Virüsler ve bakteriler biyoloji derslerinde hep aşina olduğumuz iki kavram fakat farklılıkları neler, onlarla nasıl mücadele edebiliriz? Tüm cevapları yazımızda.
Görünmeyen Düşmanla Mücadele
1347 yılında Venedik limanına yanaşan bir gemiden yükselen çığlıklar, Avrupa’yı kasıp kavuracak büyük bir felaketin habercisiydi: Kara Ölüm. Yetkililer, tarihin ilk organize karantinasını uygulayarak gemidekileri 40 gün boyunca izole etti. İşte bu olay, insanlığın mikroskobik düşmanlarla verdiği mücadelenin başlangıcı oldu.

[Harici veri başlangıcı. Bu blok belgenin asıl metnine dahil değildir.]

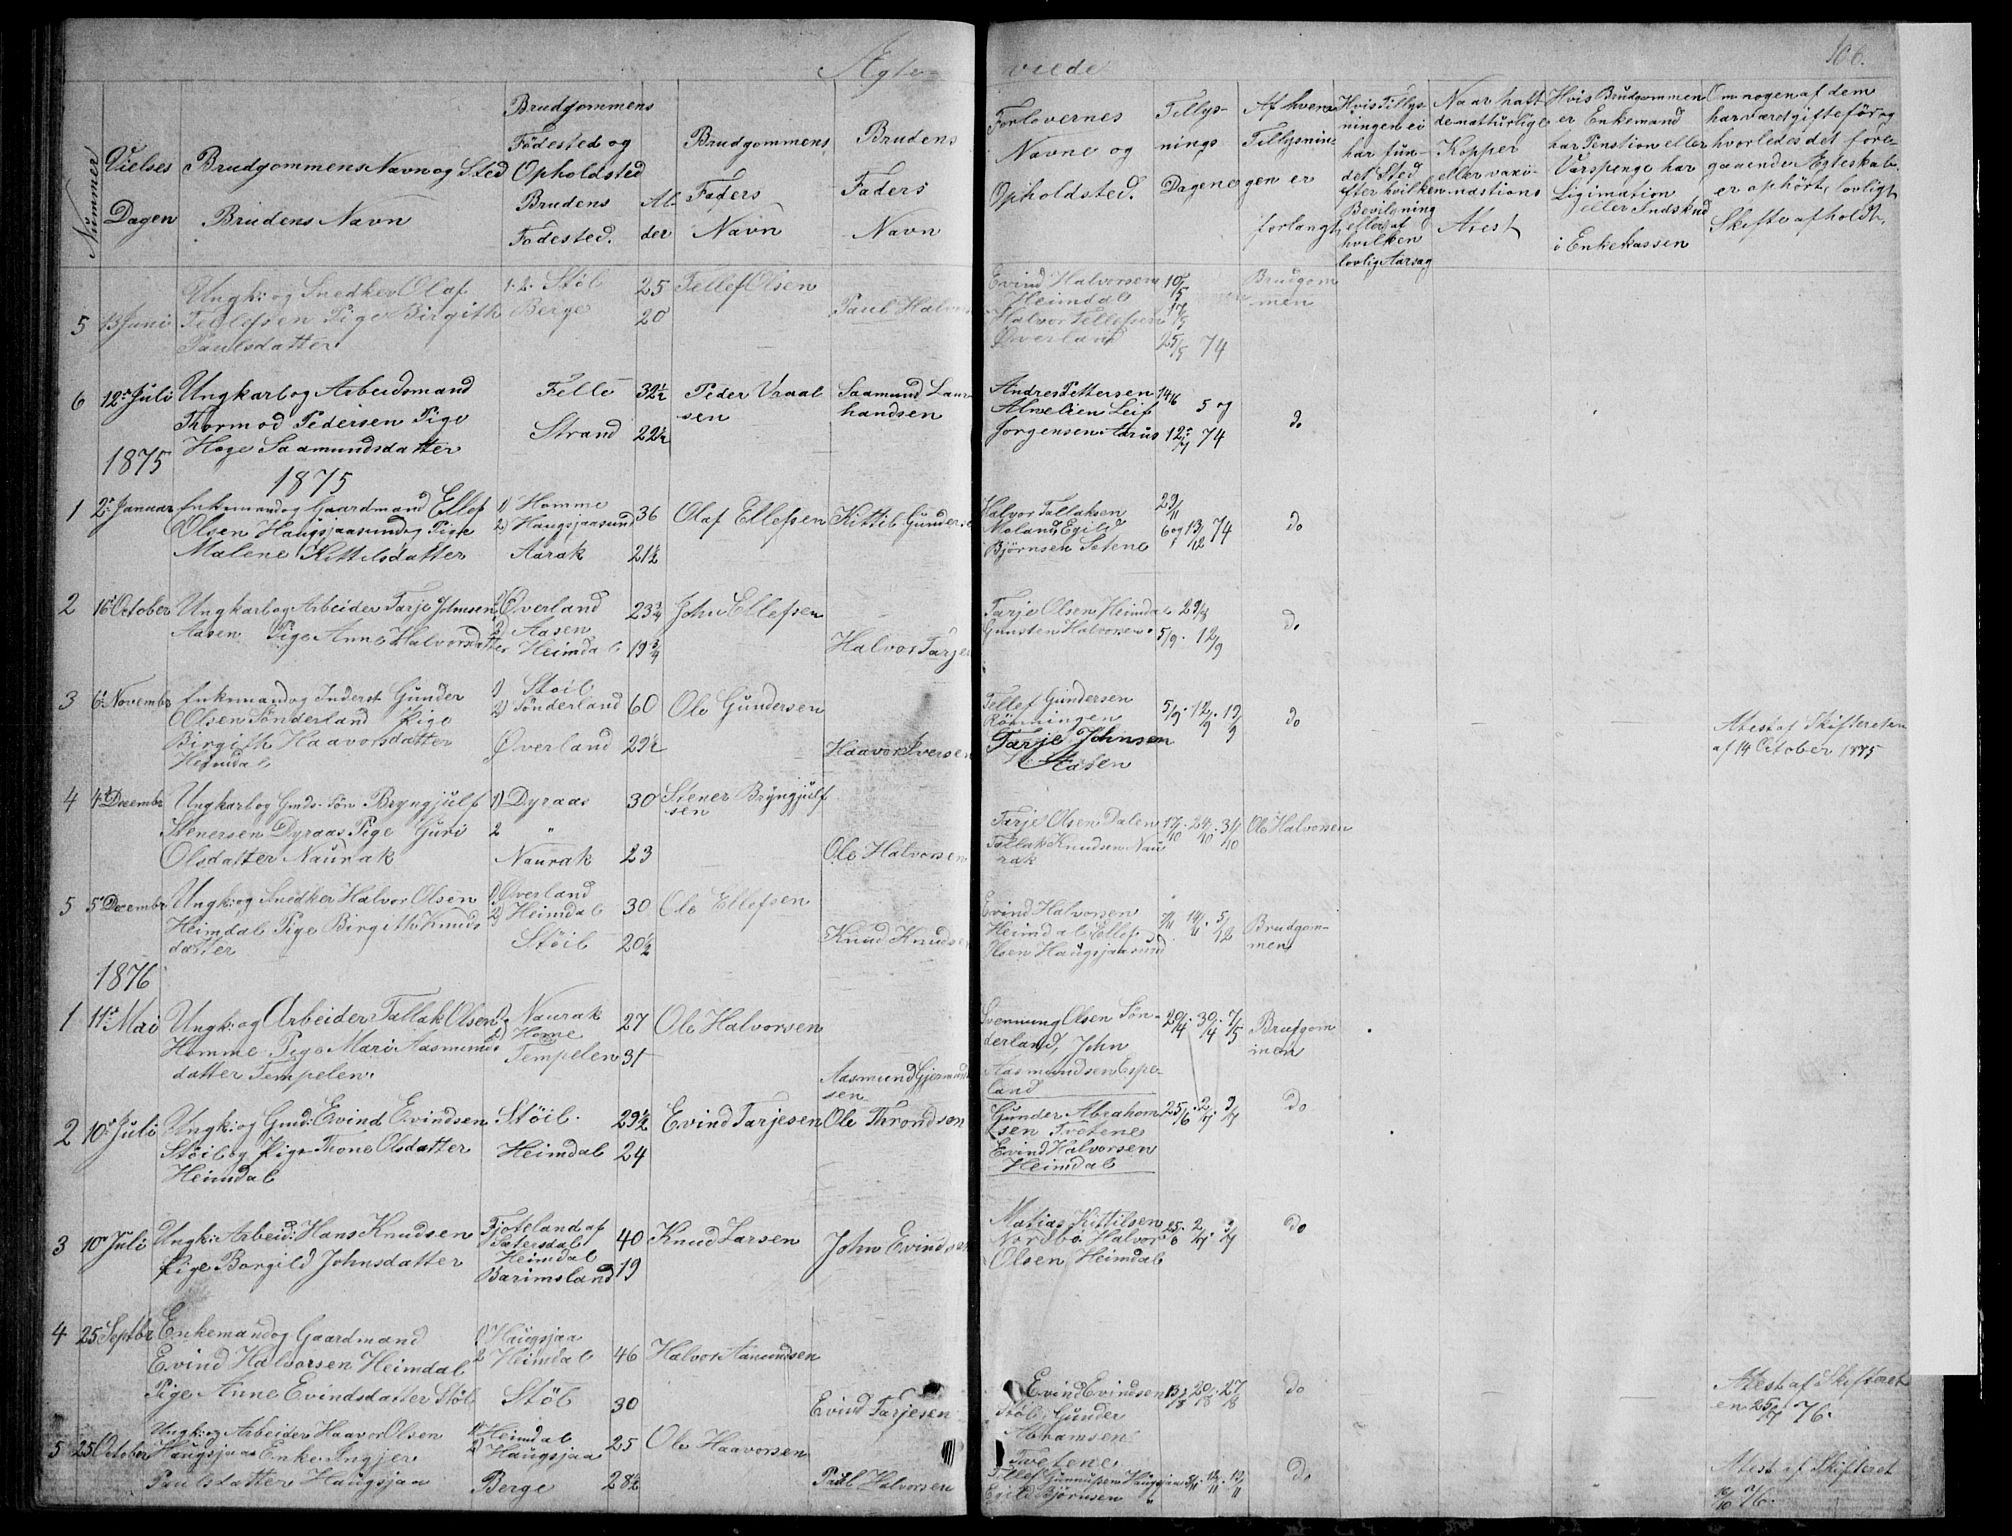 SAKO, Nissedal kirkebøker, G/Gb/L0002: Klokkerbok nr. II 2, 1863-1892, s. 106

Bugün COVID-19 gibi küresel bir pandemiyi atlatmış olsak da, tarih boyunca yaşanan bazı salgınlar hâlâ hafızamızda en korkunç anılar olarak yer alıyor. Peki, neden? Cevap, virüslerin ve bakterilerin hayatta kalma stratejilerinde gizli.
Virüsler ve Bakteriler: Mikroskobik Dünyanın İki Rakibi
İlk olarak iki tanımı da açmakta yarar var. Nedir bu virüs ve bakteriler?
Kaynak: Courtesy Visual
Bakteriler: Tek Hücreli Güç Merkezi
- Tek hücreli canlılardır.
- Toprak, su ve insan vücudu gibi hemen her yerde yaşayabilirler.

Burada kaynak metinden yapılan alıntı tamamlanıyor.